Michael Smith Park Stormwater Management


Michael Smith Park is Wesbrook Place's latest stormwater management feature. The park contains open running water channels that start at Village Lane, runs along Khorana Park, and drains into Michael Smith Pond. The main objective of Michael Smith Park stormwater management is to mimic predevelopment release rates and flows of water to Booming Ground Creek and over the Point Grey cliffs. To help reduce the erosion occurring at the Point Grey cliffs, Michael Smith Pond acts as a retention system to hold rainwater and allow it slowly and naturally percolate into the lower aquifer. This helps decrease and control the amount of water entering Booming Ground Creek and over the Point Grey cliffs. Wesbrook Place is able to maintain the ecological integrity at Booming Ground Creek as well as promote and help sustain fish habitats that are located at the waterfalls and small ponding areas present there. Furthermore, Michael Smith Park creates an open space amenity for residences and the UBC community to enjoy and encourage future education plans that teach of sustainable water practices and strategies. Michael Smith Park and its running water channels obtains its stormwater largely from rooftops of surrounding residences and rainwater retained from landscape vegetation, with a small portion of the rainwater coming from Wesbrook Mall. Rainwater that falls directly onto the sidewalks do not enter Michael Smith Pond as that water heads straight into the sewer system and flows to Booming Ground Creek. Its modern, state-of-the art design plans allow sensors within the pond to be able to detect levels of high, normal, and low levels of rainwater retained in the pond. During high levels of water detected by the sensors, rainwater held in the pond will be slowly released to the detention pond at TRIUMF. Through the detention pond, a controlled rate of water will drain to Booming Ground Creek through pipes and natural channels. During dry seasons with less rainwater to fill the open channels and the pond, a diversion pipe at Wesbrook Mall will direct its rainwater to the system allowing for running open channels of rainwater year round. Lastly, during normal levels of rainfall, the stormwater retained at Michael Smith Pond will get recirculated and recycled back up to the start at Village Lane and Khorana Park.

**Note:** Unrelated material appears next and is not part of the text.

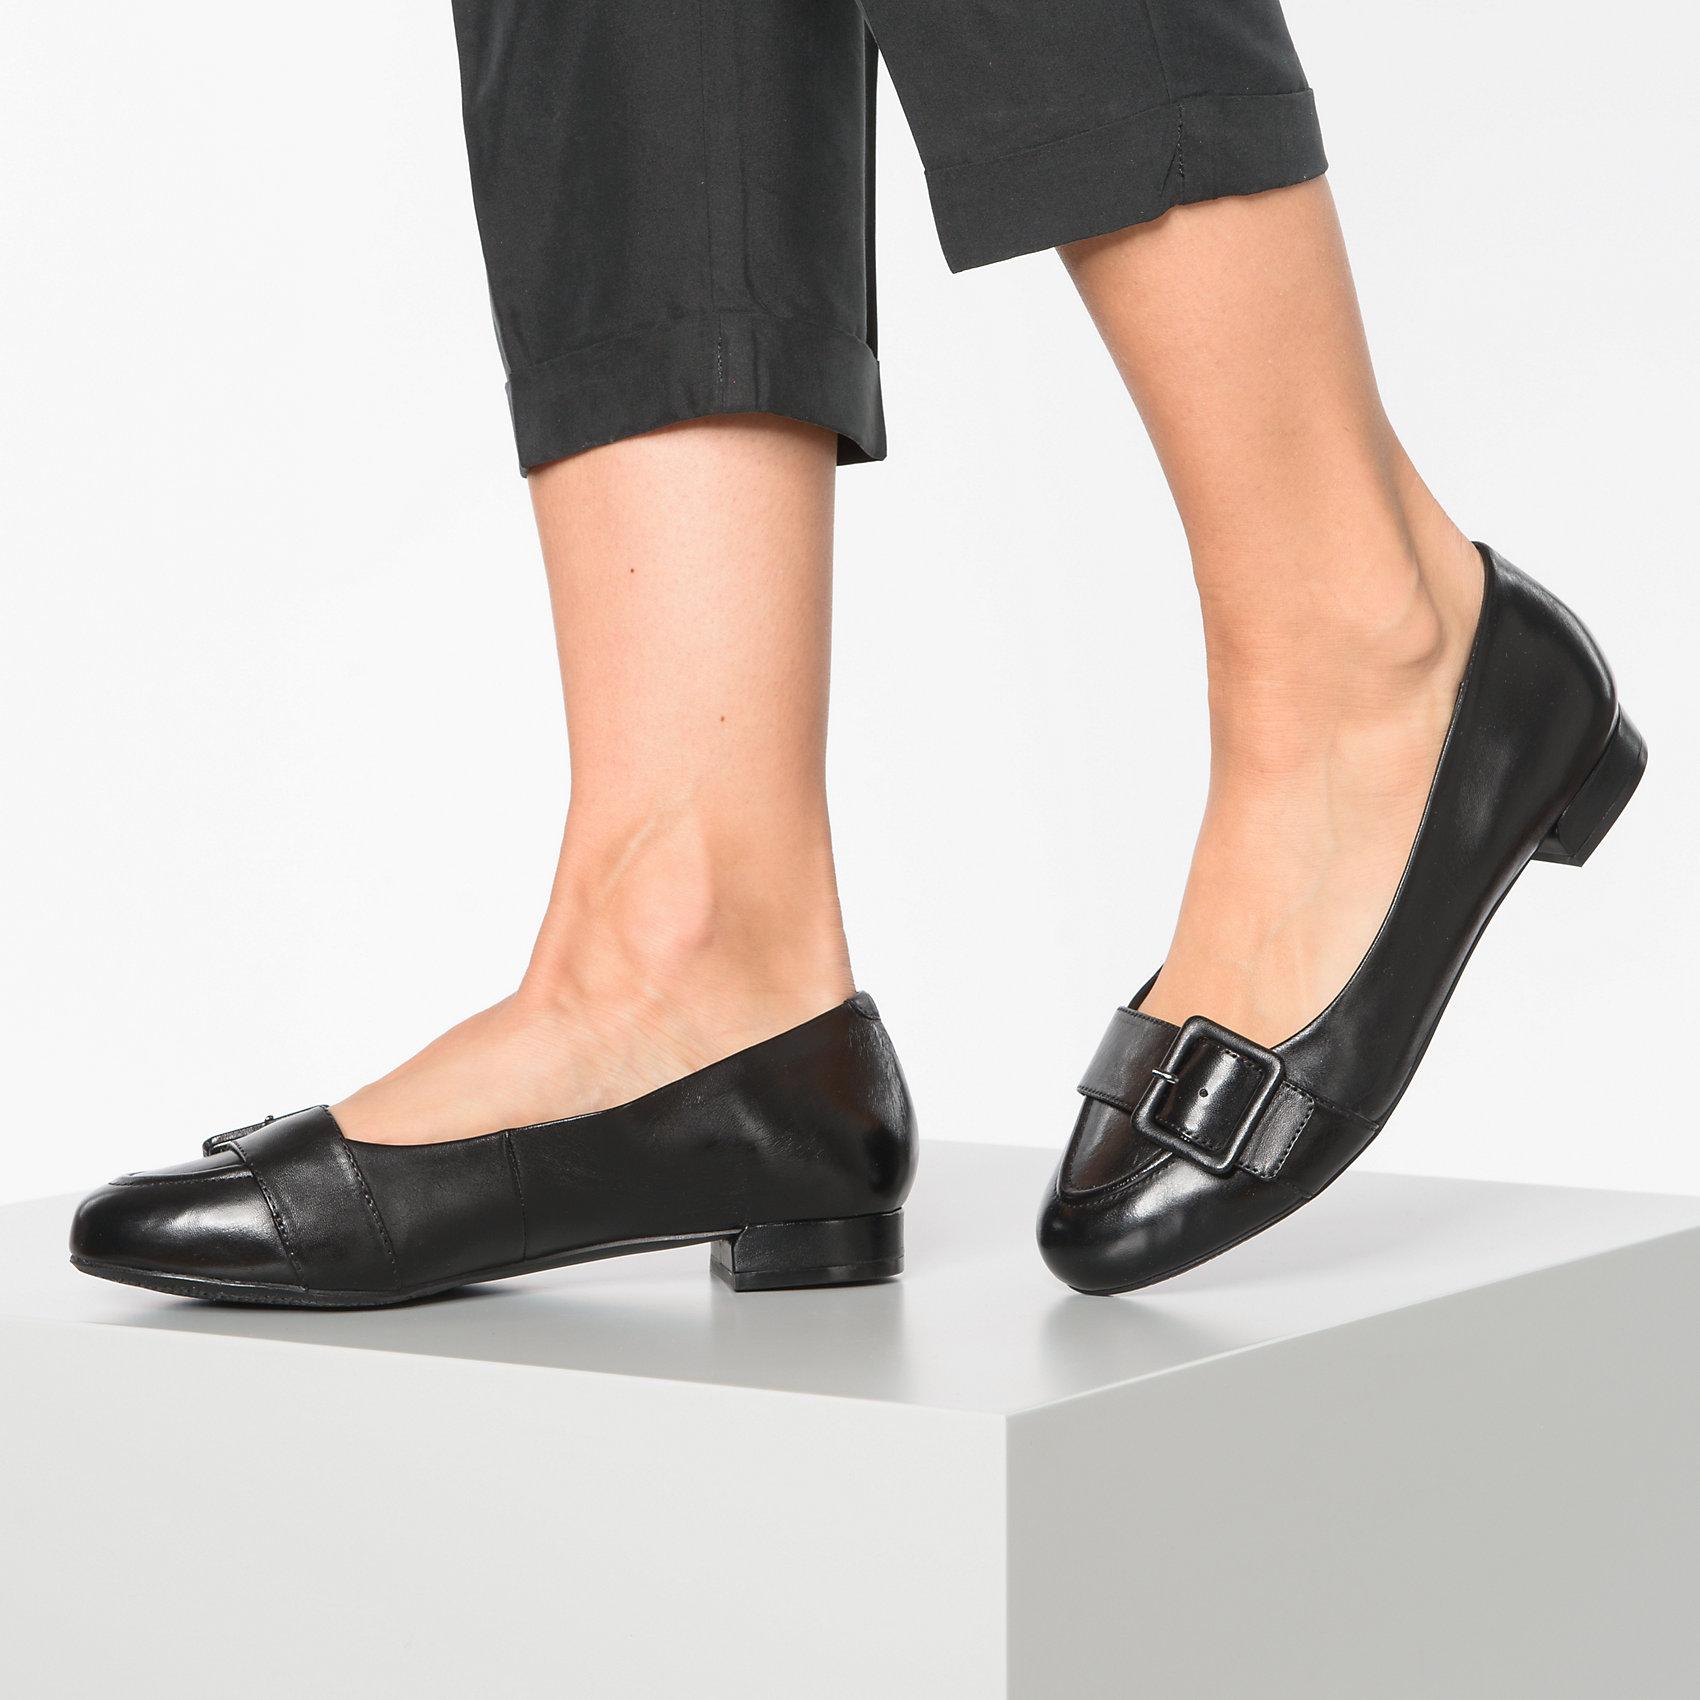 Neu Gerry Weber Vegi 05 Klassische Ballerinas 9562881 9562881 9562881 für Damen schwarz 01d008

Protection of Booming Ground Creek


At Booming Ground Creek, water that is supplied for the waterfalls and small ponding areas are directed from Pacific Spirit Park and Wesbrook Place. These waterfalls and ponding areas are known to provide habitats for fish communities which are dependent upon having year round water flows. Much of the drier months lead to stormwater and stormwater runoff providing most of the water found at Booming Ground Creek. It is critical that stormwater management systems be implemented and present to direct rainwater that is of high quality and low velocity to Booming Ground Creek to maintain its habitat value and ecological integrity.